11. The multi-channel decorrelator according claim 10 , wherein the at least two left-sided channel signals to be combined are associated with spatial positions which are symmetrical, with respect to a center plane of the audio scene, to the spatial positions associated with the at least two right-sided channel signals to be combined.
The invention relates to audio signal processing, specifically a multi-channel decorrelator for enhancing spatial audio reproduction. The problem addressed is the need to improve the perception of spatial audio by decorrelating multiple audio channels while maintaining accurate spatial positioning. Traditional decorrelators often introduce artifacts or distort the spatial image, particularly when combining left and right channel signals. The multi-channel decorrelator processes at least two left-sided channel signals and at least two right-sided channel signals. These signals are combined in a way that preserves their spatial symmetry relative to a center plane of the audio scene. The left-sided signals are symmetrically positioned to the right-sided signals, ensuring that the spatial balance of the audio scene is maintained during decorrelation. This symmetry helps avoid phase cancellation or localization errors that could degrade the listening experience. The decorrelator applies time-varying filters or other processing techniques to reduce correlation between channels while keeping their spatial relationships intact. This approach is particularly useful in surround sound, immersive audio, or other multi-channel audio systems where accurate spatial rendering is critical. The invention ensures that the processed audio retains a natural and immersive spatial perception.

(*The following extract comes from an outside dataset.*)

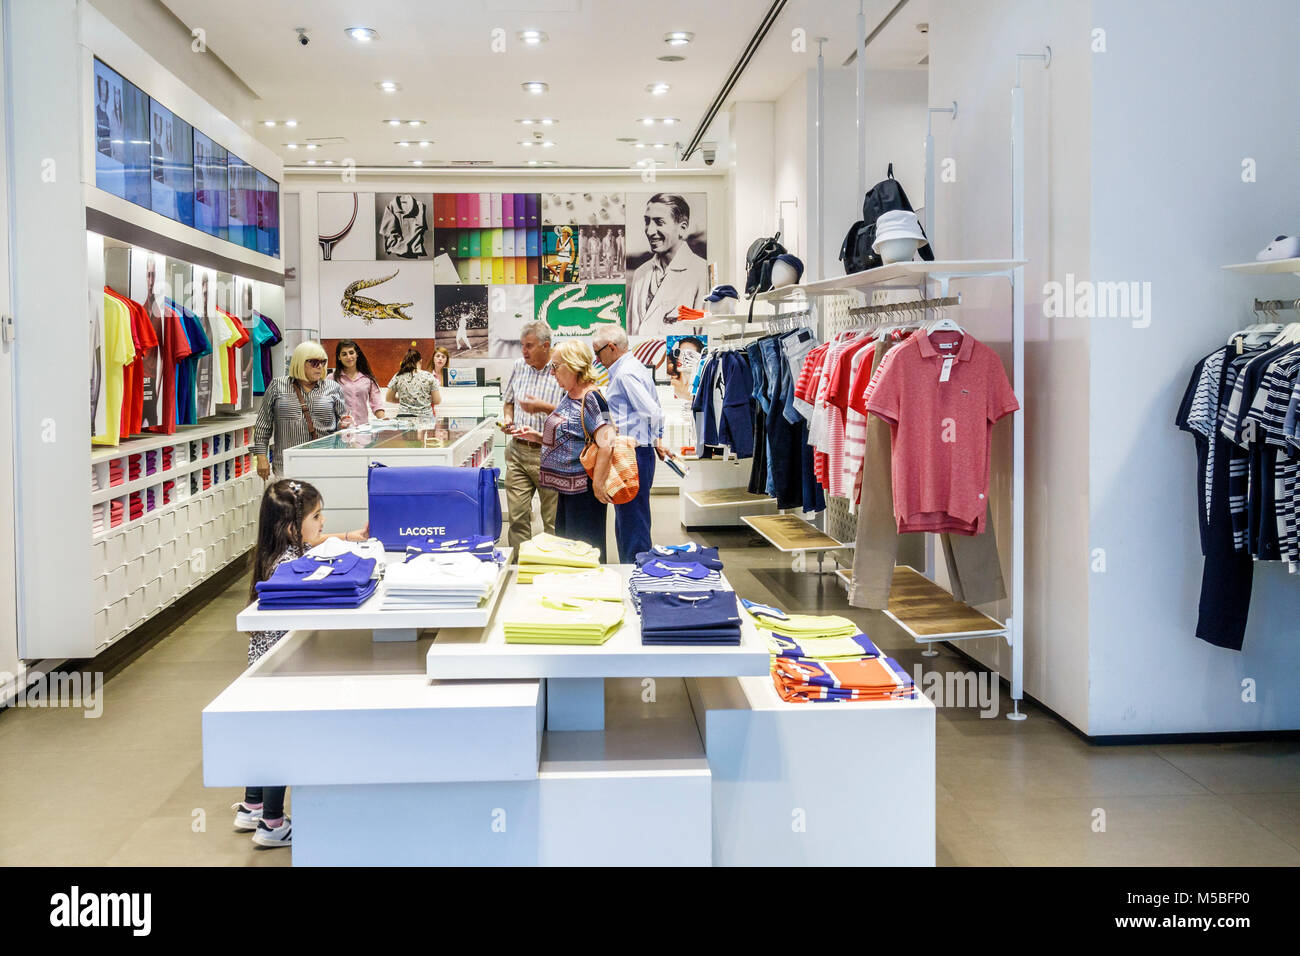 29f3fe1554c6 Argentine Buenos Aires Avenida Cordoba Galerias Pacifico mall shopping  center centre commercial à l'intérieur
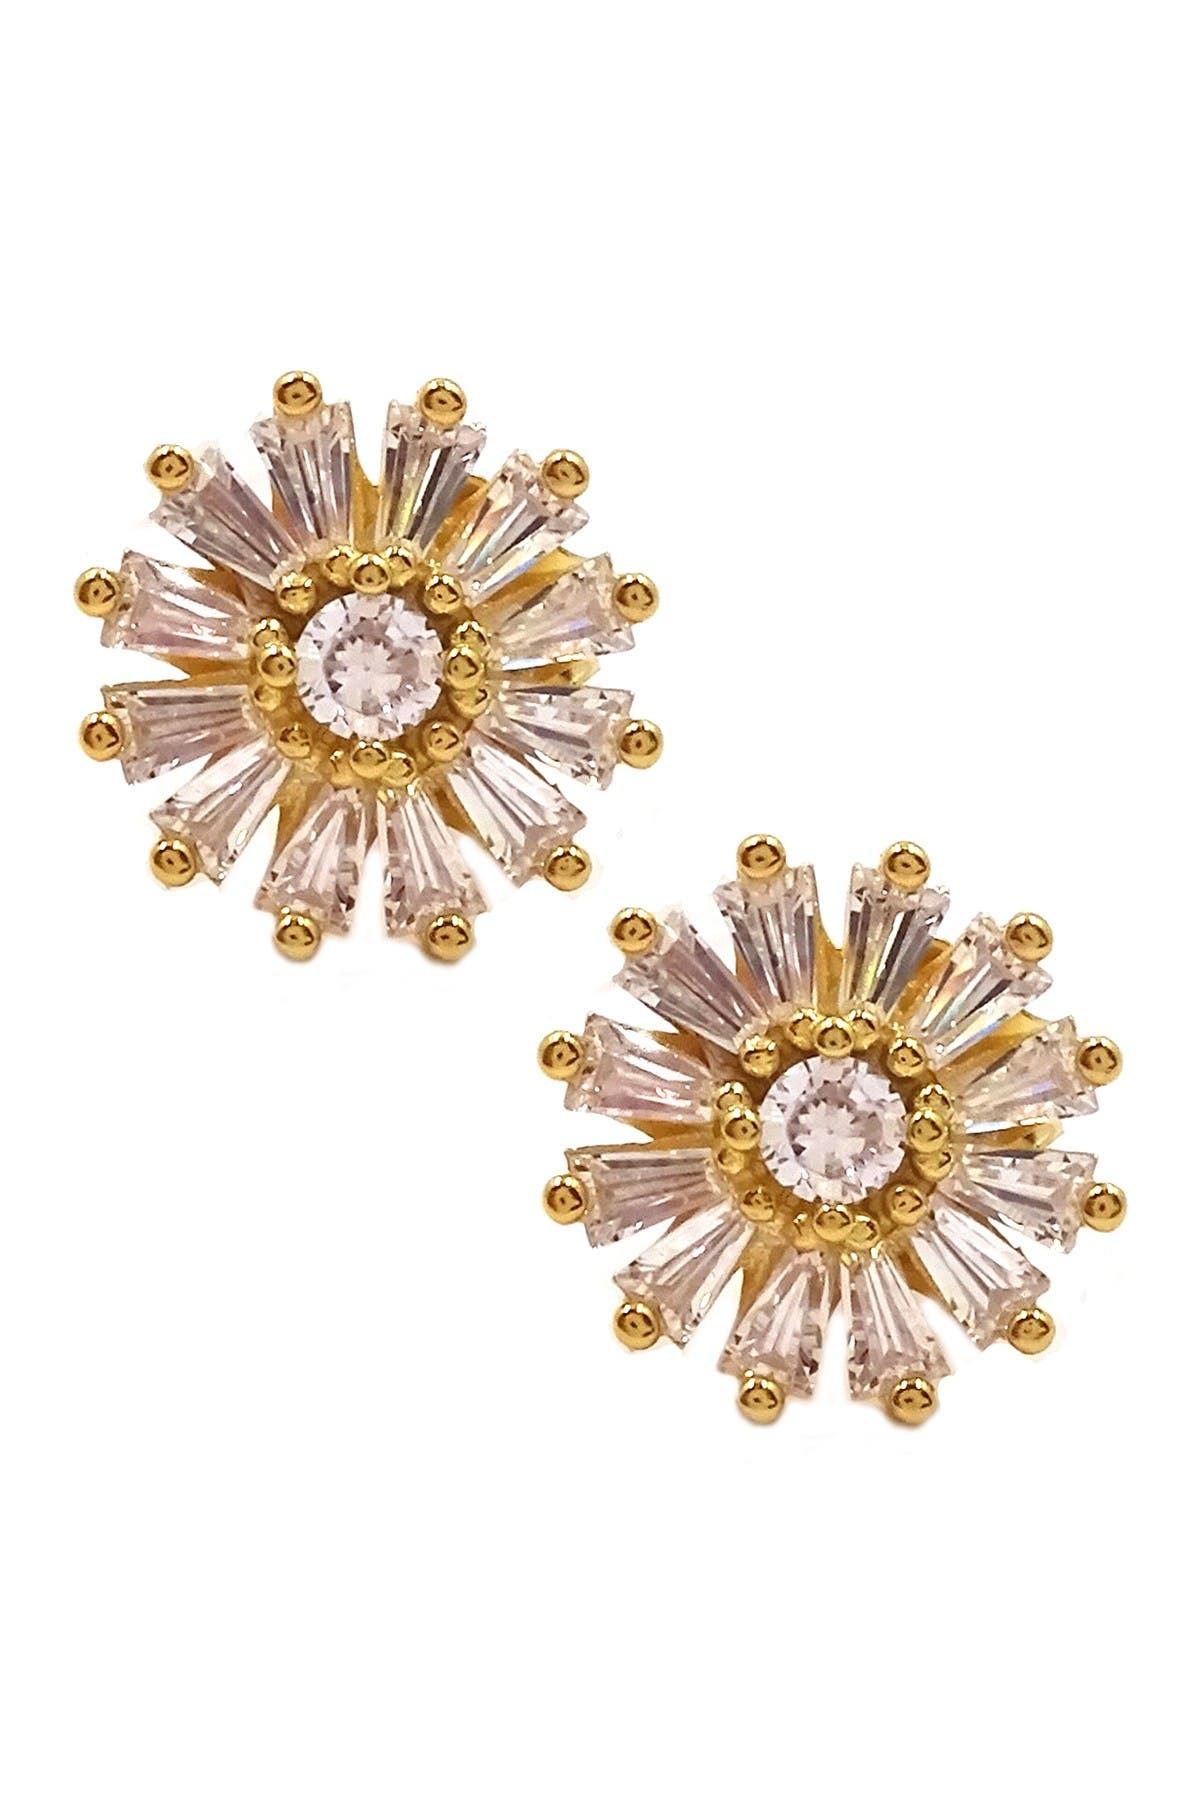 Image of Savvy Cie 18K Gold Vermeil CZ Starburst Tapered Baguette Earrings

12. A multi-channel audio decoder for providing at least two output audio signals on the basis of an encoded representation, wherein the multi-channel audio decoder comprises the multi-channel decorrelator according to claim 1 .
A multi-channel audio decoder processes an encoded audio signal to generate at least two output audio signals. The decoder includes a multi-channel decorrelator that modifies the encoded signal to enhance audio spatialization, ensuring that the output signals are perceptually distinct and spatially coherent. The decorrelator applies a transformation to the encoded signal, such as time-domain or frequency-domain processing, to introduce controlled differences between the output channels. This improves the perceived separation and localization of audio sources, addressing the problem of artificial or unnatural sound reproduction in multi-channel audio systems. The decoder may also include additional processing stages, such as channel mapping or post-filtering, to further refine the output signals. The invention is particularly useful in applications like home theater systems, virtual reality audio, and automotive sound systems, where accurate spatial audio reproduction is critical. The decorrelator's design ensures that the output signals maintain high fidelity while avoiding artifacts like phase cancellation or excessive coloration. The overall system efficiently decodes the encoded representation into a multi-channel output that provides an immersive listening experience.
13. The multi-channel audio decoder according to claim 12 , wherein the multi-channel audio decoder is configured to render a plurality of decoded audio signals, which are acquired on the basis of the encoded representation, in dependence on one or more rendering parameters, to acquire a plurality of rendered audio signals, and wherein the multi-channel audio decoder is configured to derive one or more decorrelated audio signals from the rendered audio signals using the multi-channel decorrelator, wherein the rendered audio signals constitute the first set {circumflex over (Z)} of N decorrelator input audio signals, and wherein the second set W of N′ decorrelator output audio signals constitute the one or more decorrelated audio signals, and wherein the multi-channel audio decoder is configured to combine the rendered audio signals, or a scaled version thereof, with the one or more decorrelated audio signals, to acquire the output audio signals.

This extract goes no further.